Re-Inventing The Wheel

Corbières L’Entêté – Jeff Carrel – 2011 – Averys of Bristol- £12.99

The Languedoc in the south of France is an area which constantly challenges and surprises, whether it’s the varied landscape, the people, the history, the food or in fact the wines. There is always something interesting to do, see or to taste.

Jeff Carrel is one of the characters of the Languedoc, originally from Paris, but now firmly at home in the south, he has broken the mould – reinventing some of the old Classics and pioneering a new style of southern wine… Did I mention he was a Parisian?

Jeff has gained the reputation of being somewhat eclectic, whilst true in the sense of the word I would go so far as to suggest that he is reflective of the new generation of winemaker to be found in Languedoc. Now responsible for a large range of wines including forgotten gems like Fitou and Cotes du Roussillon, even managing to put his unique spin on the un-fashionable Chardonnay, Carrell wines are like no other and can on occasion surprise and polarize.

Corbières is the largest of the AOC appellations in the South west, consisting of 11 separate Terroirs. Lezignan-Corbières produces this particular cuvee, and whilst there are 19 permitted grape varieties which can be used under the appellation, there are lead grape varieties expected in both red and white wines produced here. For red wines, a minimum of two grape varieties must be grown. Grenache, Lledoner Pelut, Mourvèdre and Syrah (the main grape varieties with the exception of Carignan) must together make up at least 50 per cent of the vineyard plantings. In this case there are low yielding Syrah vines and old vine Carignan, all handpicked and blended skilfully to produce this wine.
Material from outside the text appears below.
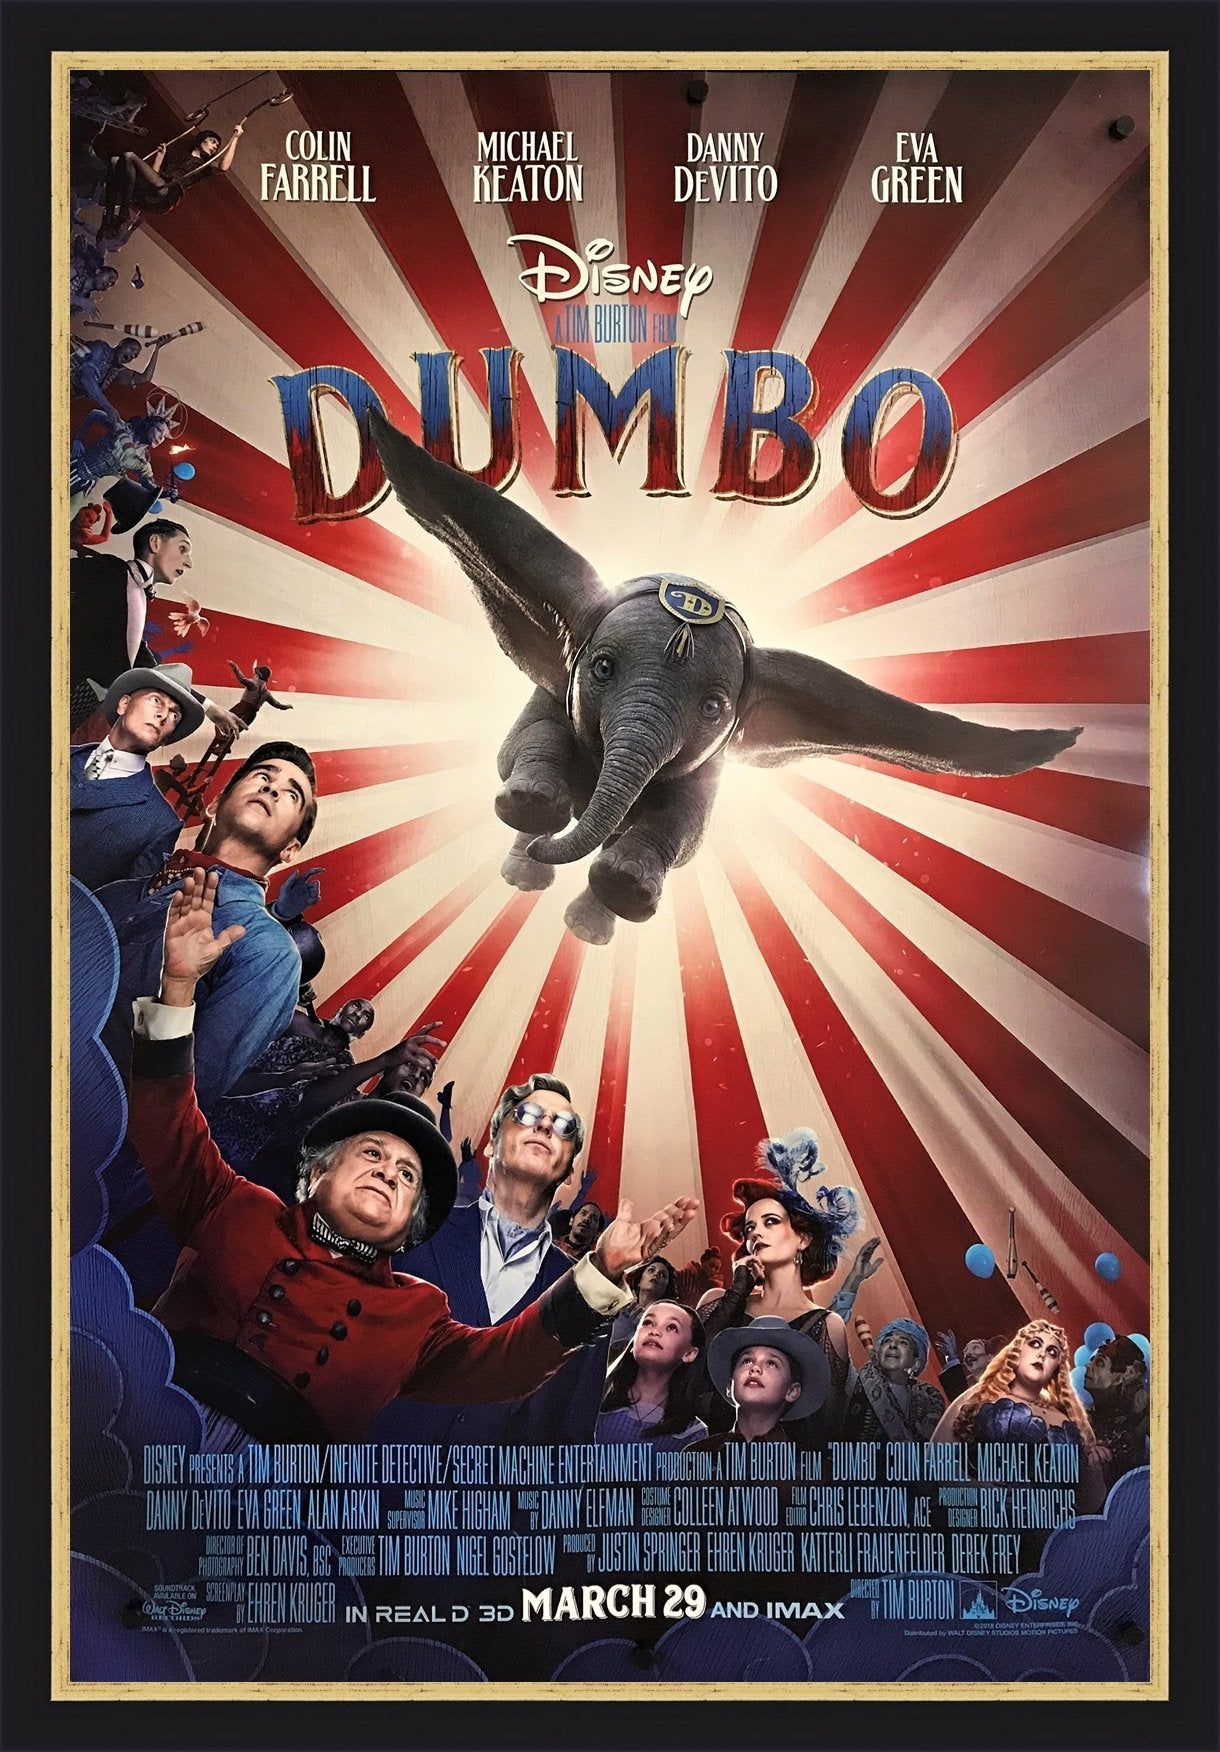 An original movie poster for the Disney film Dumbo

L’Entêté translates as Stubborn, which in fact is quite an interesting description of this wine. To the eye this wine is deep red in colour, on the nose there is dark fruits and spice, you can really smell the arid warmth of the terroir. This wine generates a real sense of place, unmistakably complex. On the palate it’s big, uncompromising and dare I say it stubborn. There is an unmistakable core of dark fruit and cherry, overlaid with spice and garrigue notes. The finish is long and rich, with a wonderful lick of cassis, yet the level of acidity is enough to give an almost refreshing finish. Pairing with big flavours this wine is a match for red meats, strong cheese and sings with Toulouse Sausage.
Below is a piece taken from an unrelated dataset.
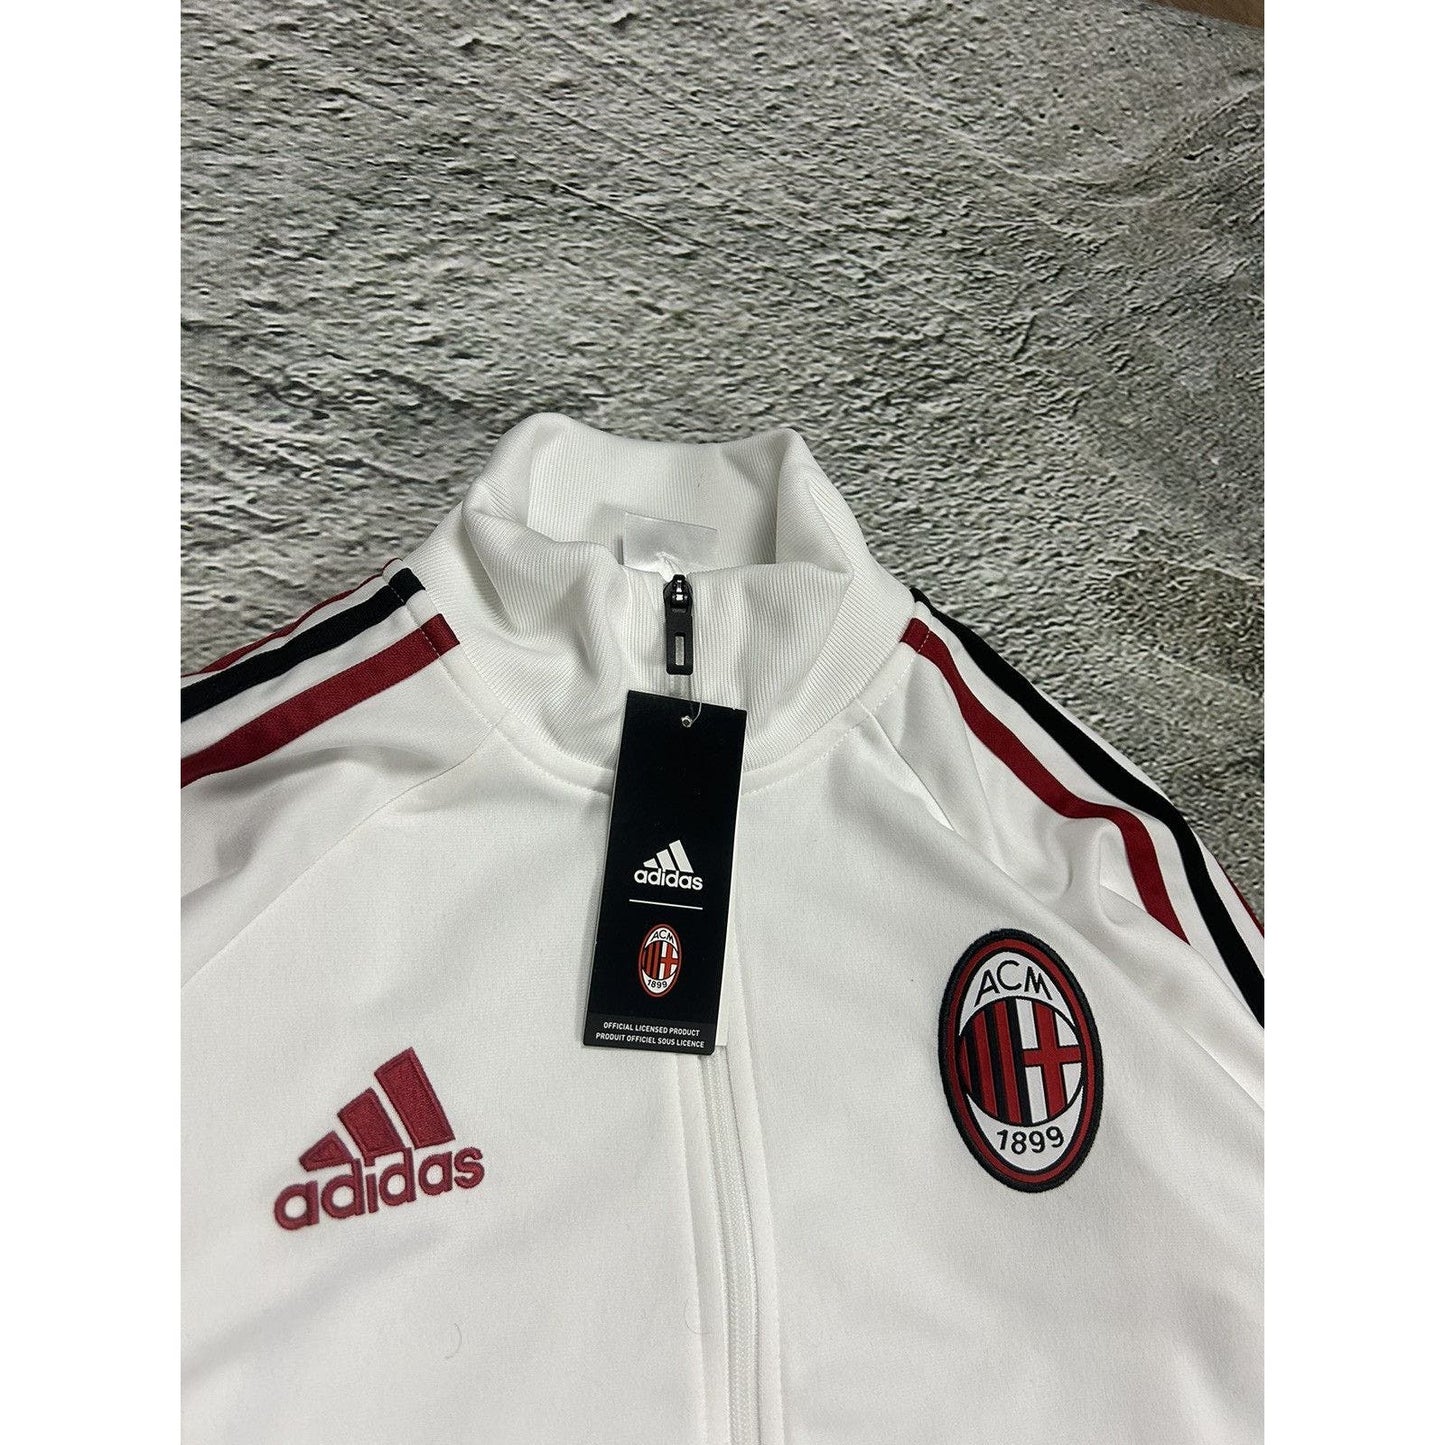 AC Milan track suit adidas Champions League 2017 2018

Certainly, this wine will divide, yet it will also provide tangible proof of the ability of the winemaker to reinvent a forgotten style, I for one have nothing but praise for Jeff Carrell’s wines, and like the area they come from, I am constantly surprised by what can be achieved with a stubborn belief in re-interpretation of what was past forgotten, wine should have a sense of place and Terroir, there is no doubt this wine delivers that…Bon Weekend!